Supposing I have a section of an application that has a persistent interface with several different pages rendered in a main section of the page:
┌─────────────────┐
│ my_app_live.ex │
├─────────────────┴──────────────────────────────┐
│ Persistent UI │
├────────────────────────────────────────────────┤
│ │
│ │
│ ┌─────────────────────────────────────┐ │
│ │ │ │
│ │ │ │
│ │ Main body updating via @live_action │ │
│ │ (ie. pseudo router) │ │
│ │ │ │
│ │ │ │
│ │ │ │
│ └─────────────────────────────────────┘ │
│ │
│ │
└────────────────────────────────────────────────┘
where the router might look like:
scope "/", MyAppWeb do
pipe_through :browser
live "/", MyAppLive, :home
live "/my-page", MyAppLive, :my_page
live "/authorize", MyAppLive, :authorize
end
and I want to isolate functionality so that I don’t have one gnarly live view. Specifically supposing I have a number of handle_params
that are unique to an individual subview.

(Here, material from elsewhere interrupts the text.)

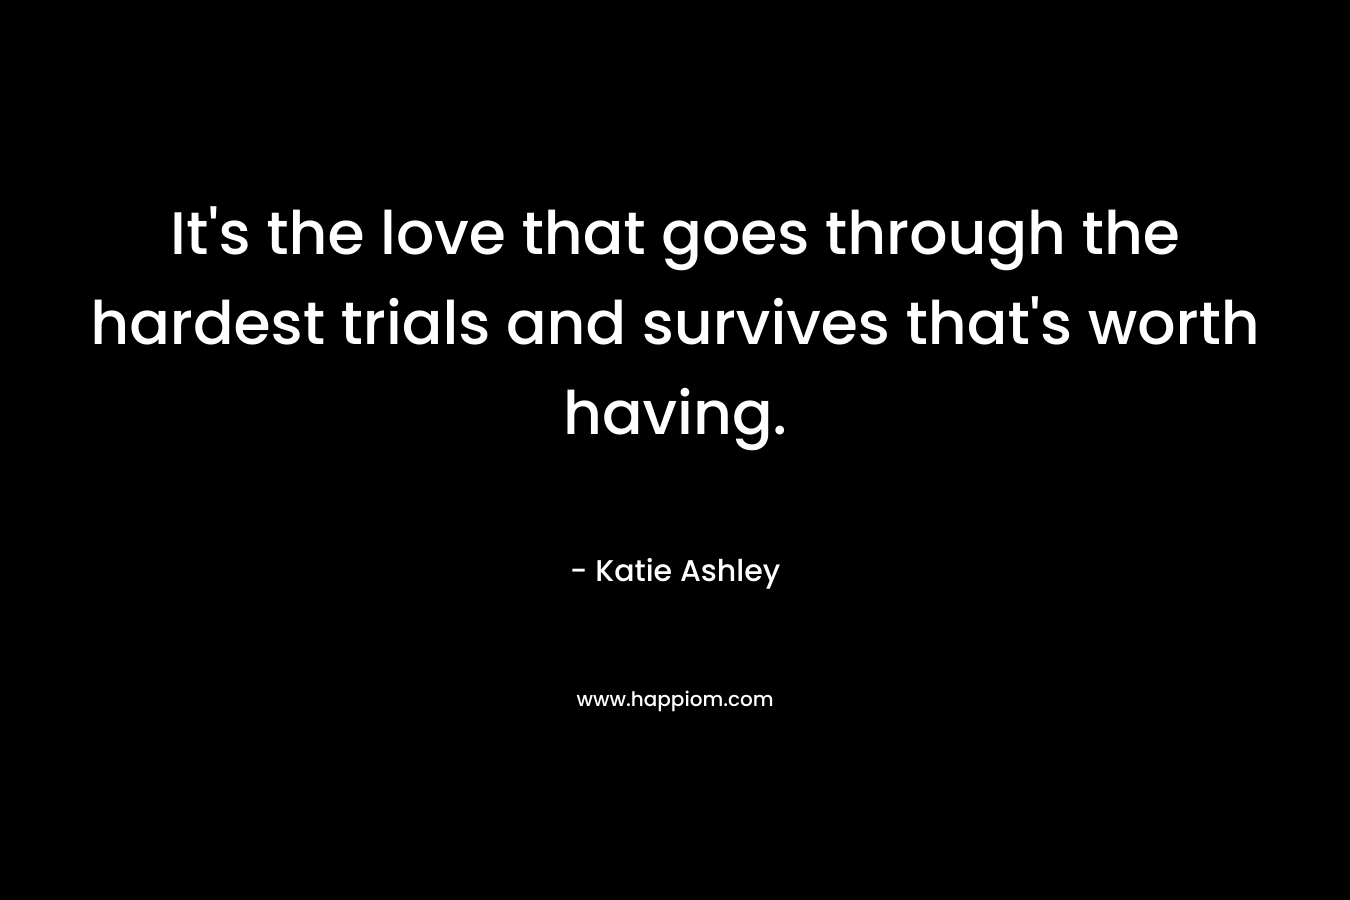 It’s the love that goes through the hardest trials and survives that’s worth having. – Katie Ashley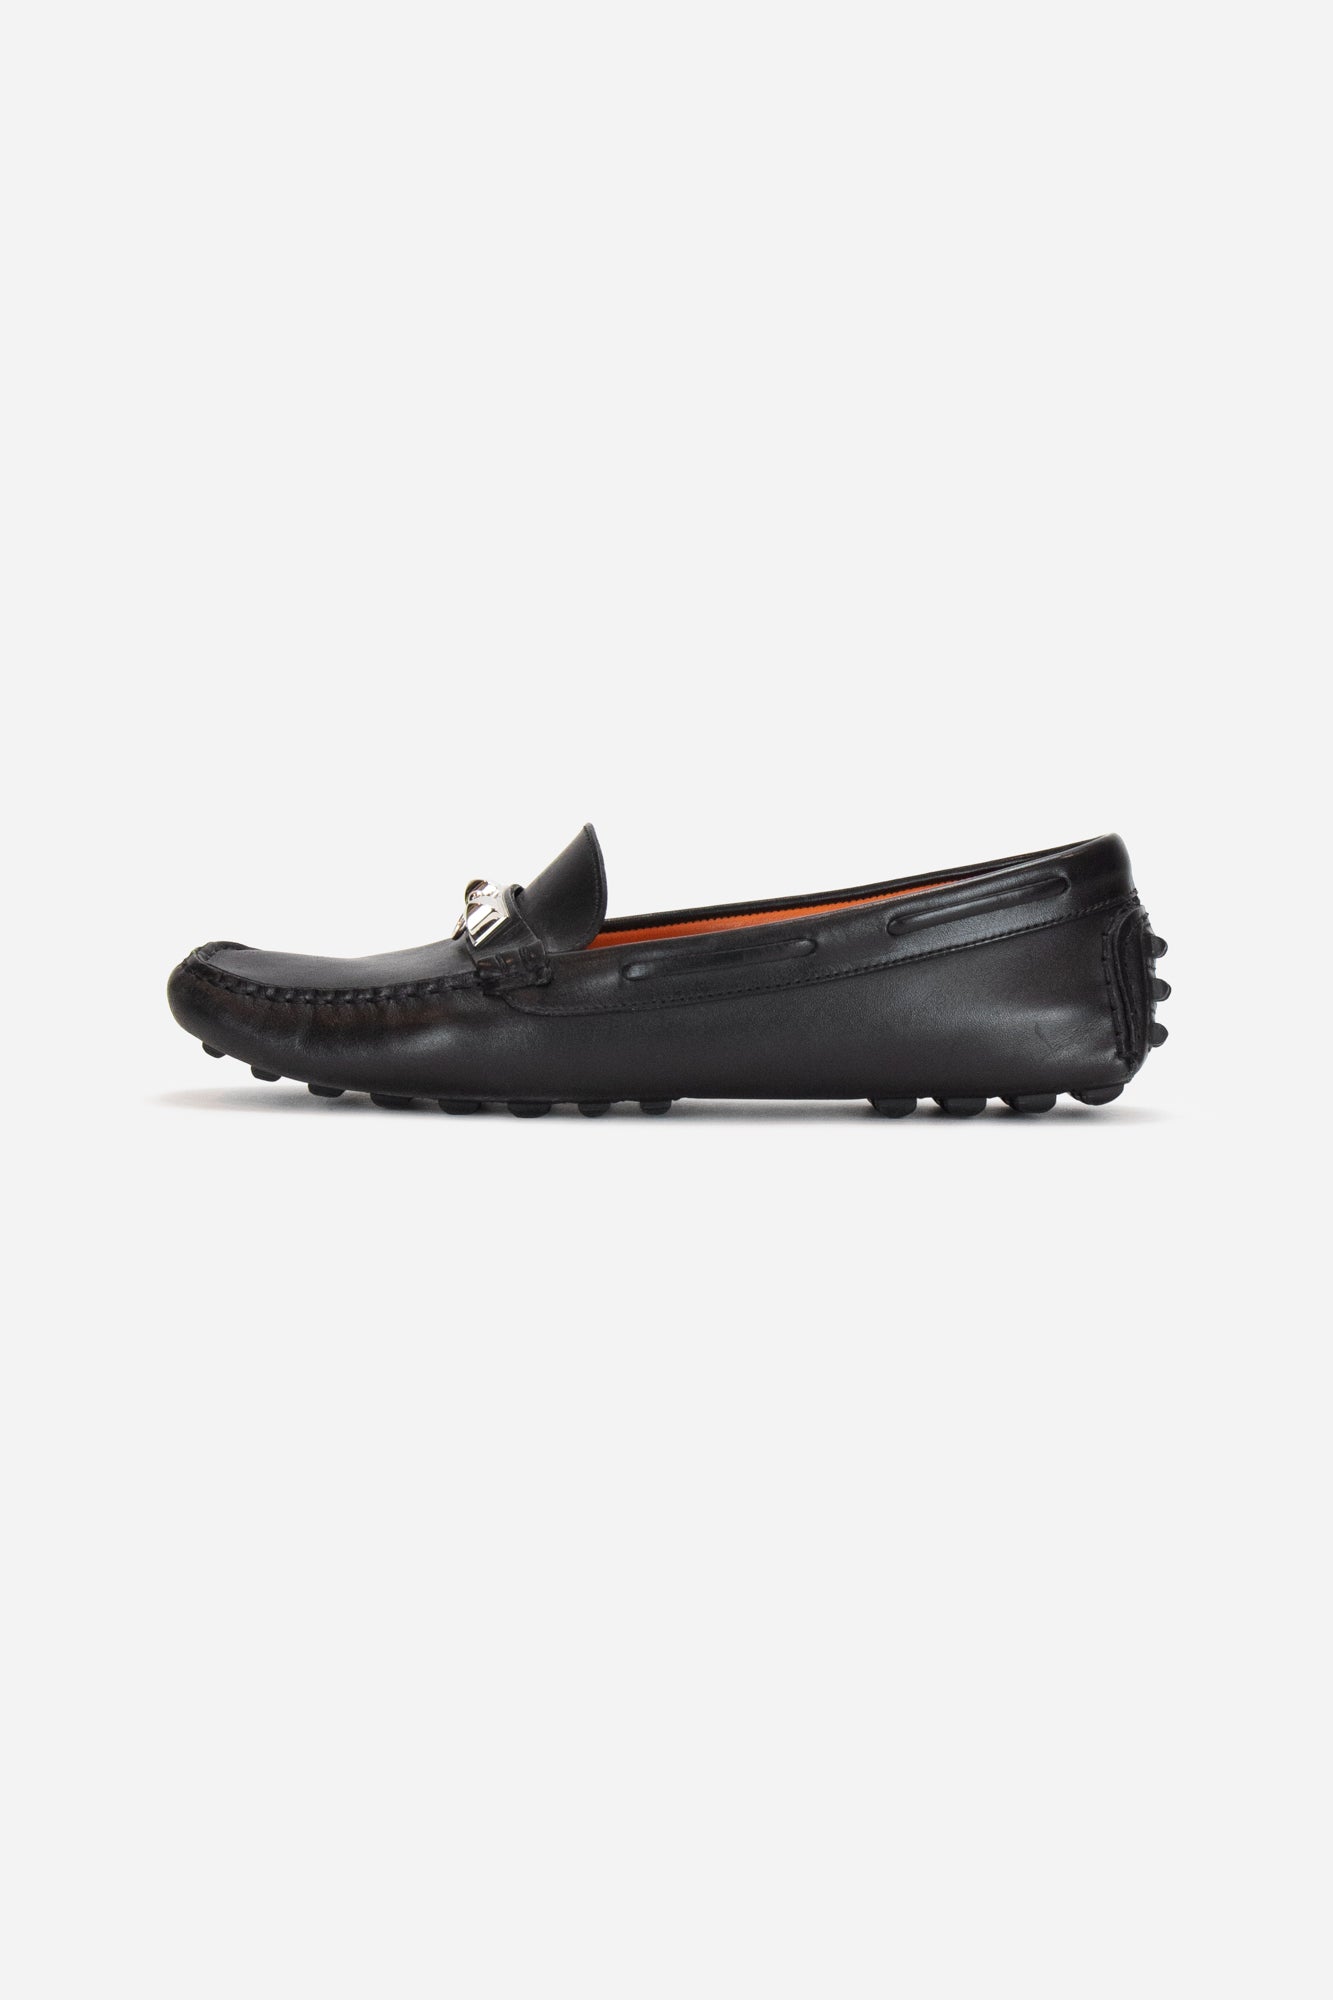 Black Leather Rivale Loafers - So Over It Luxury Consignment

What’s the best practice here? In my mind, I want to isolate the functionality of each subview within its own file. This seems very easy to do with live components, but it doesn’t really solve the issue of the callbacks unique to the subview.
Supposing the persistent UI had some kind of heavy data requirement that you wouldn’t want to trigger again and again on page navigation (and some of the data should be shared with the subviews as well), how would you go about tackling the problem while also keeping clear delineation of responsibilities (for easier maintenance, testing, etc.)